### [WHAT IS BEING ASKED]
Give back the lines below verbatim, omitting all pictures.

### [RAW DATA]
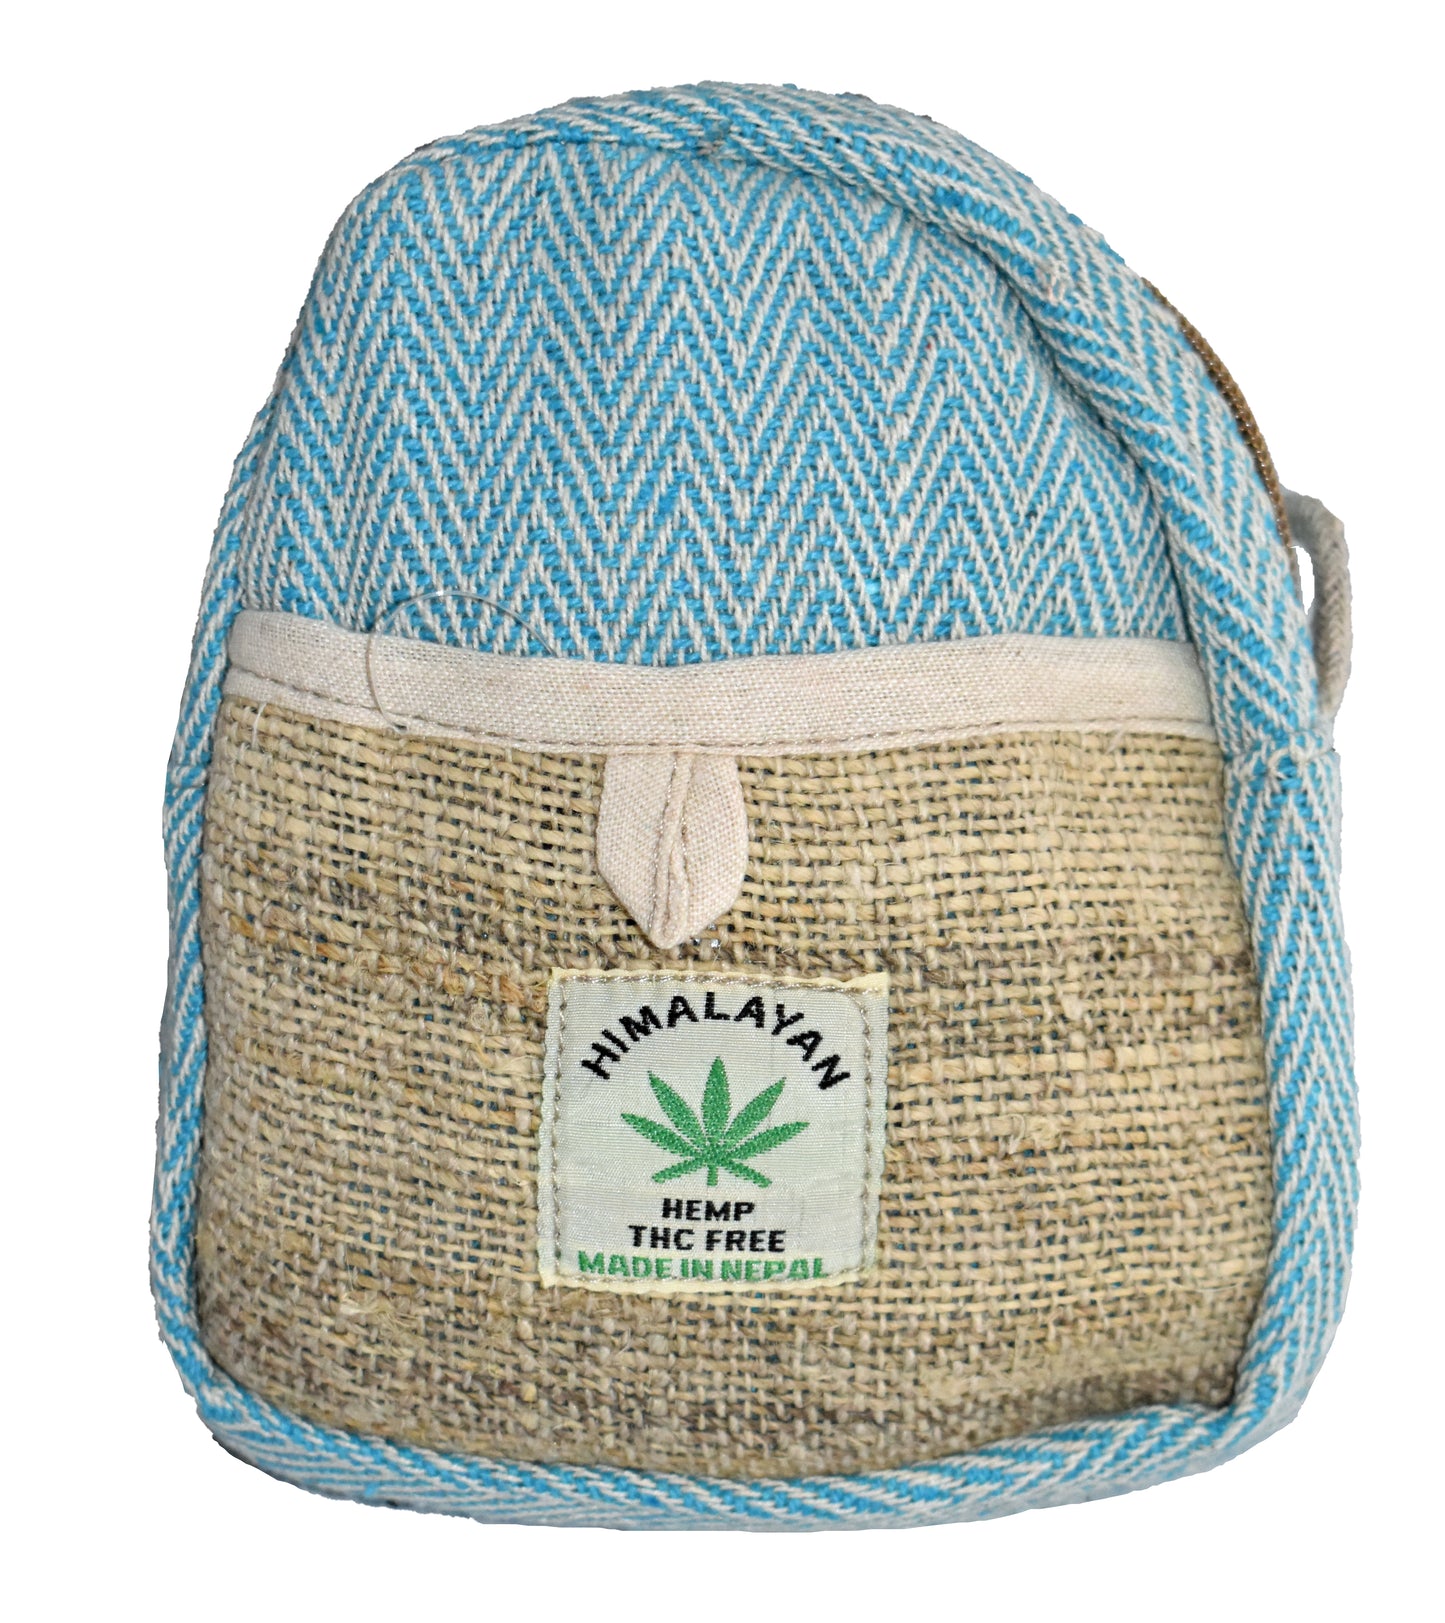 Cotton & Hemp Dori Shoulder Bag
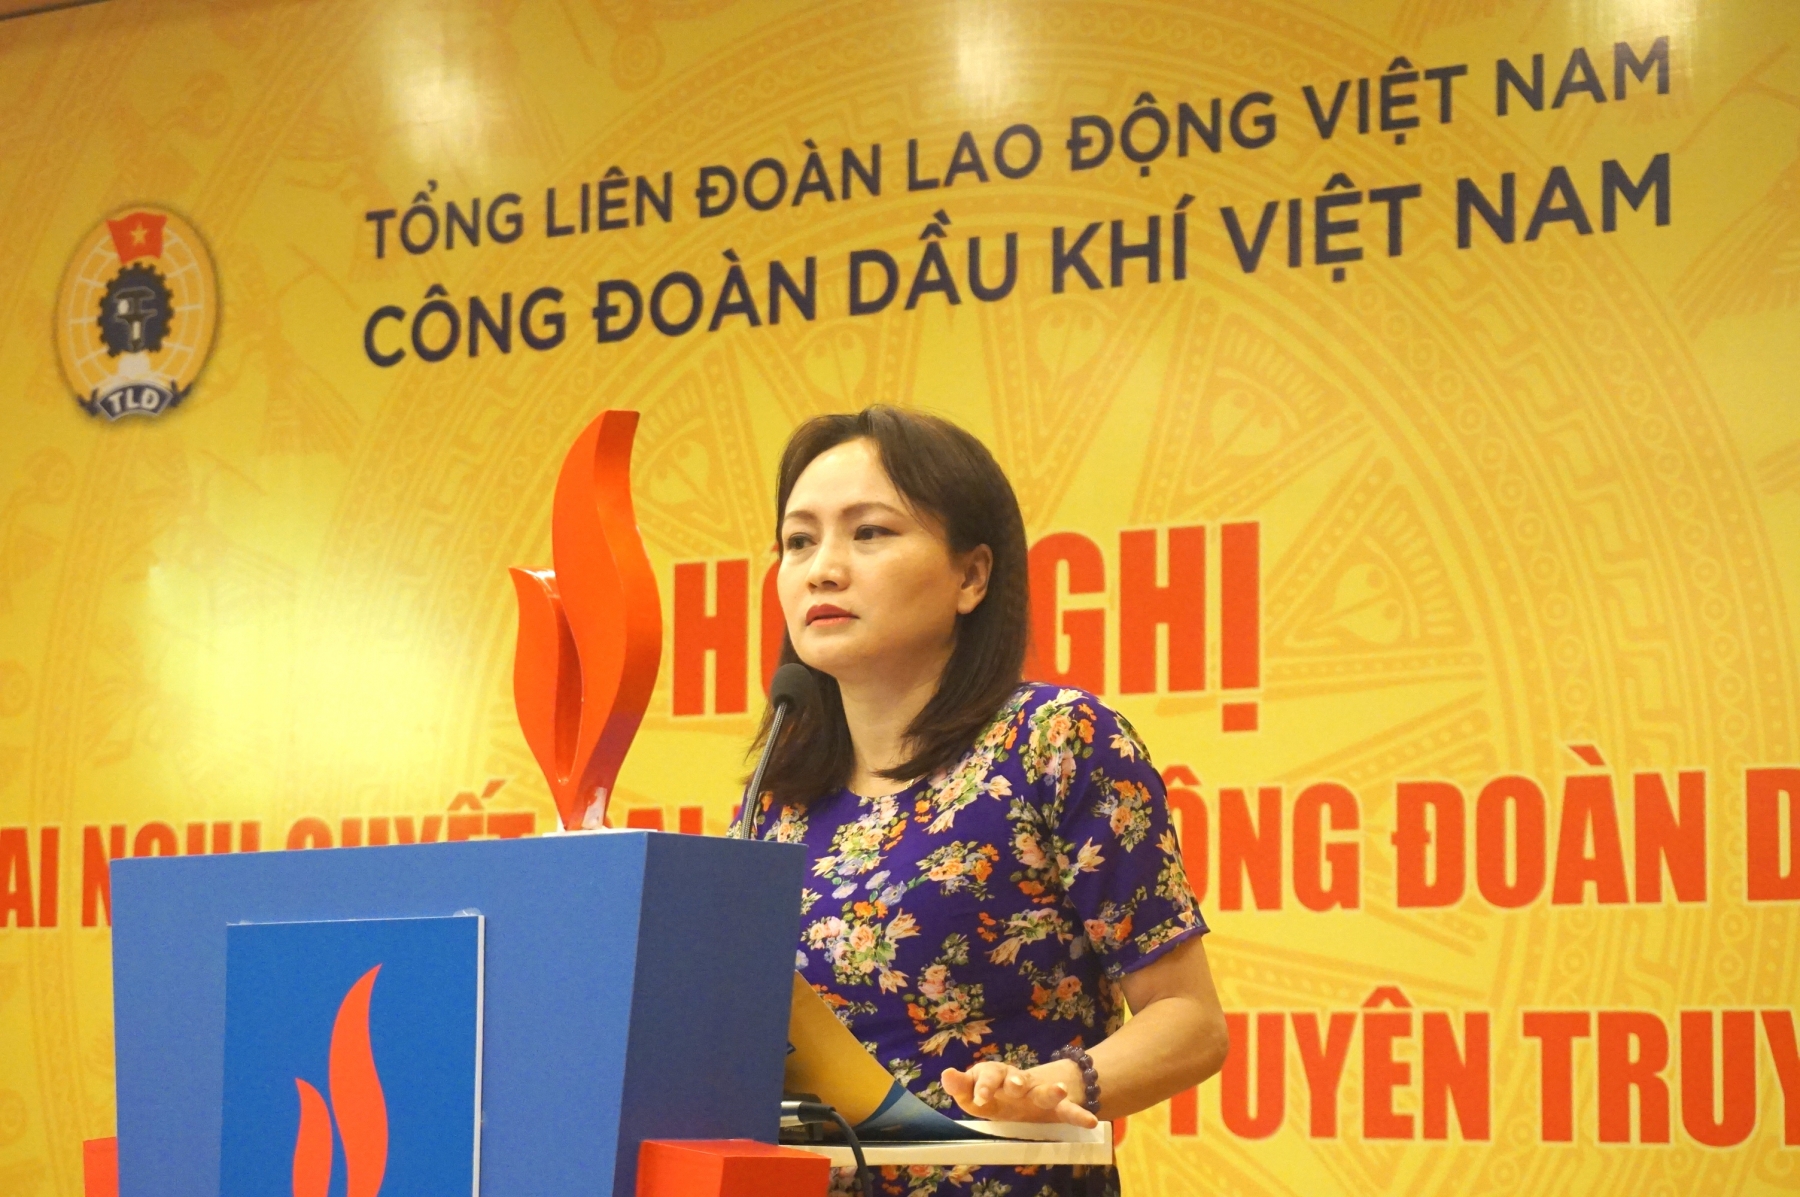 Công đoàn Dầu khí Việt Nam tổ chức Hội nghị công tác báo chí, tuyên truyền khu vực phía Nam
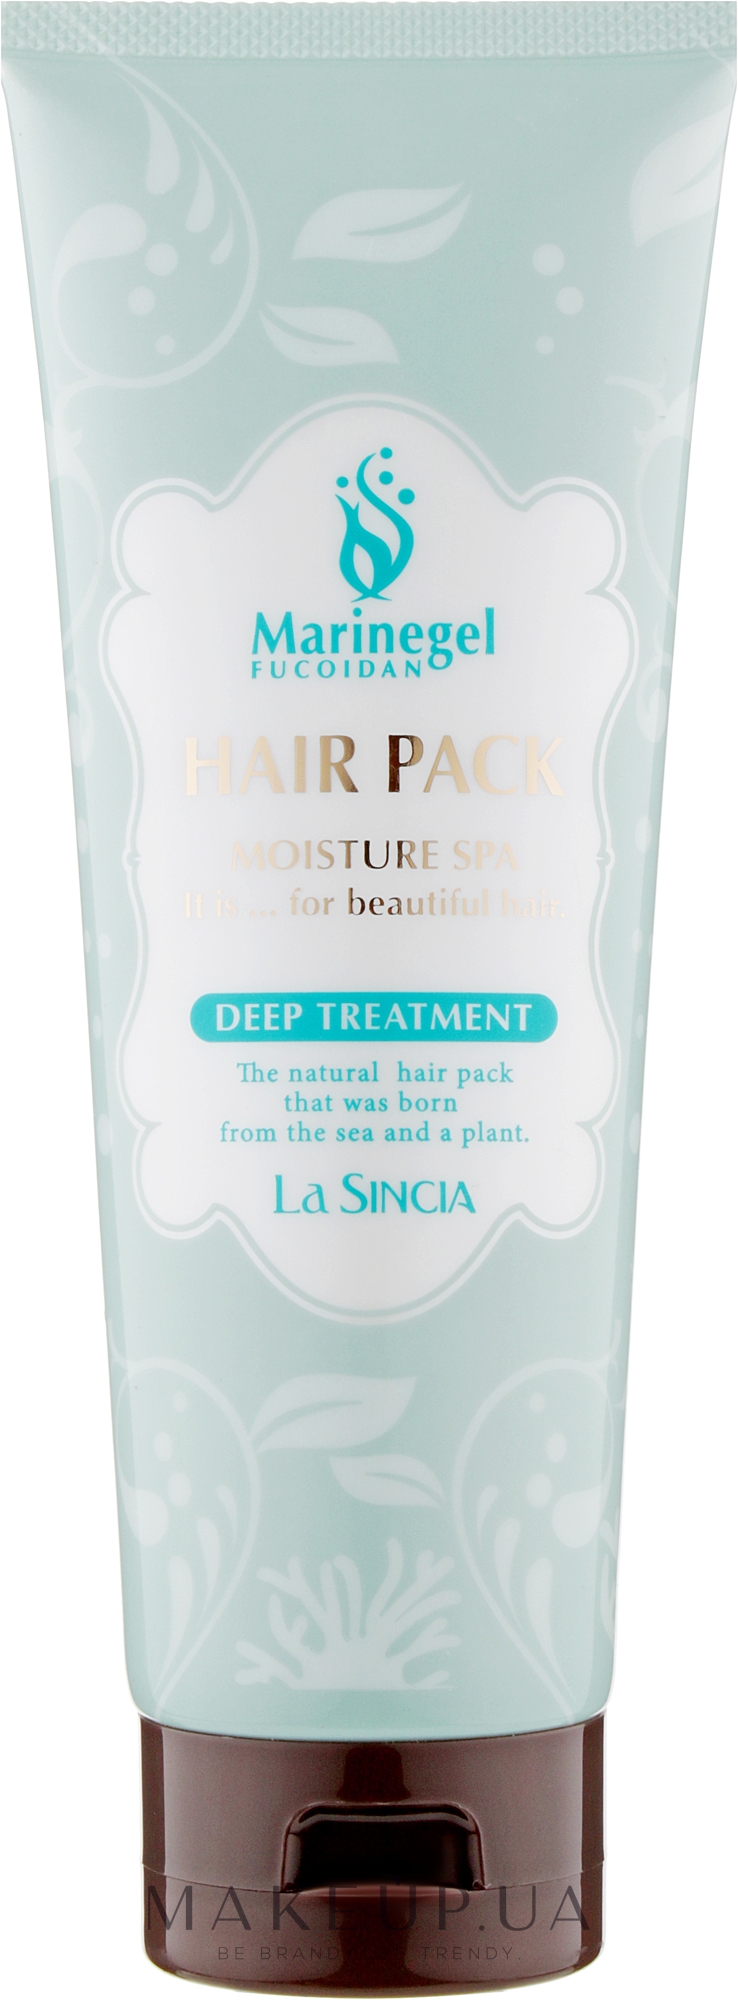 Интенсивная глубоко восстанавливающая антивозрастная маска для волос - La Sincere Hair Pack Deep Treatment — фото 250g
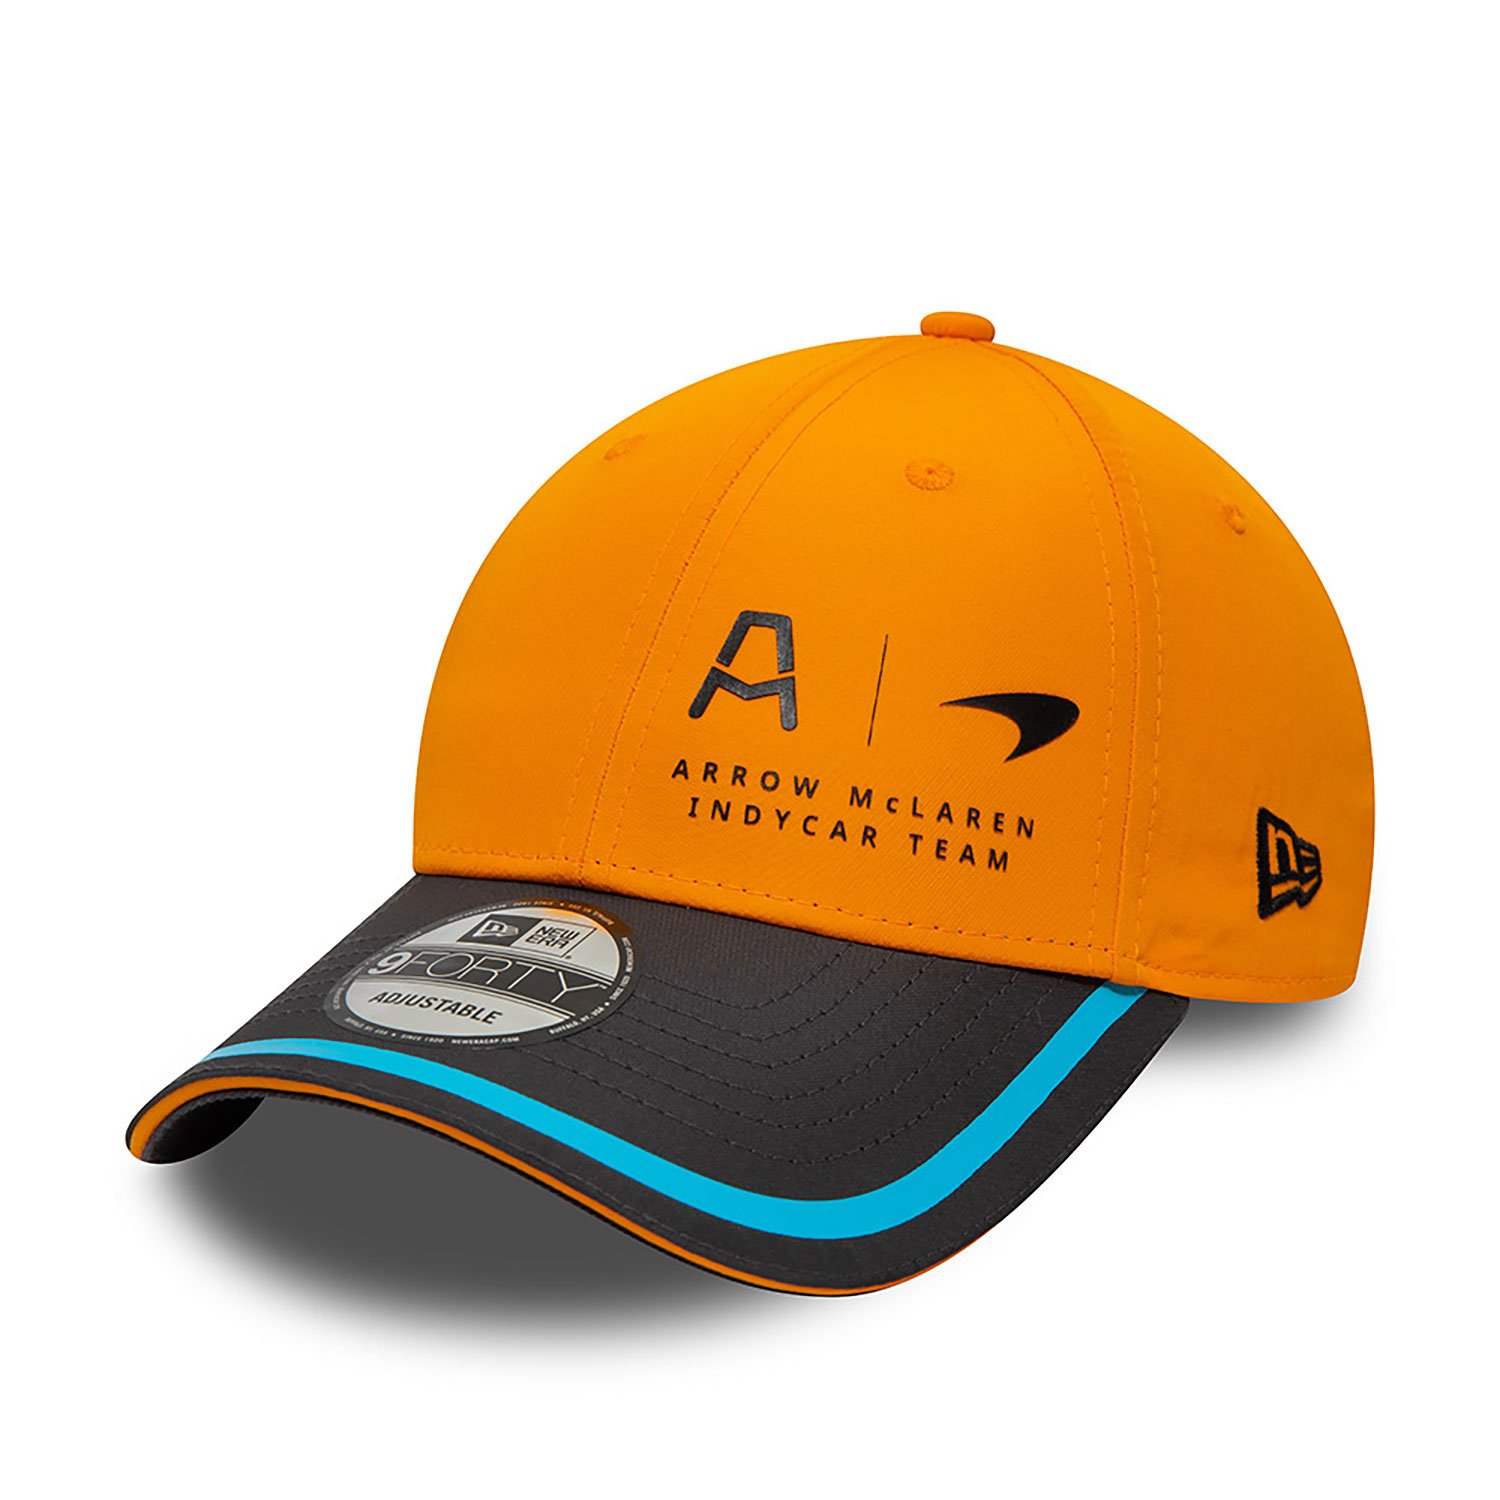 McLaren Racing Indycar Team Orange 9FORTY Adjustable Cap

### [YOUR RESPONSE]
 Cotton & Hemp Dori Shoulder Bag
 Công đoàn Dầu khí Việt Nam tổ chức Hội nghị công tác báo chí, tuyên truyền khu vực phía Nam
 Интенсивная глубоко восстанавливающая антивозрастная маска для волос - La Sincere Hair Pack Deep Treatment — фото 250g
 McLaren Racing Indycar Team Orange 9FORTY Adjustable Cap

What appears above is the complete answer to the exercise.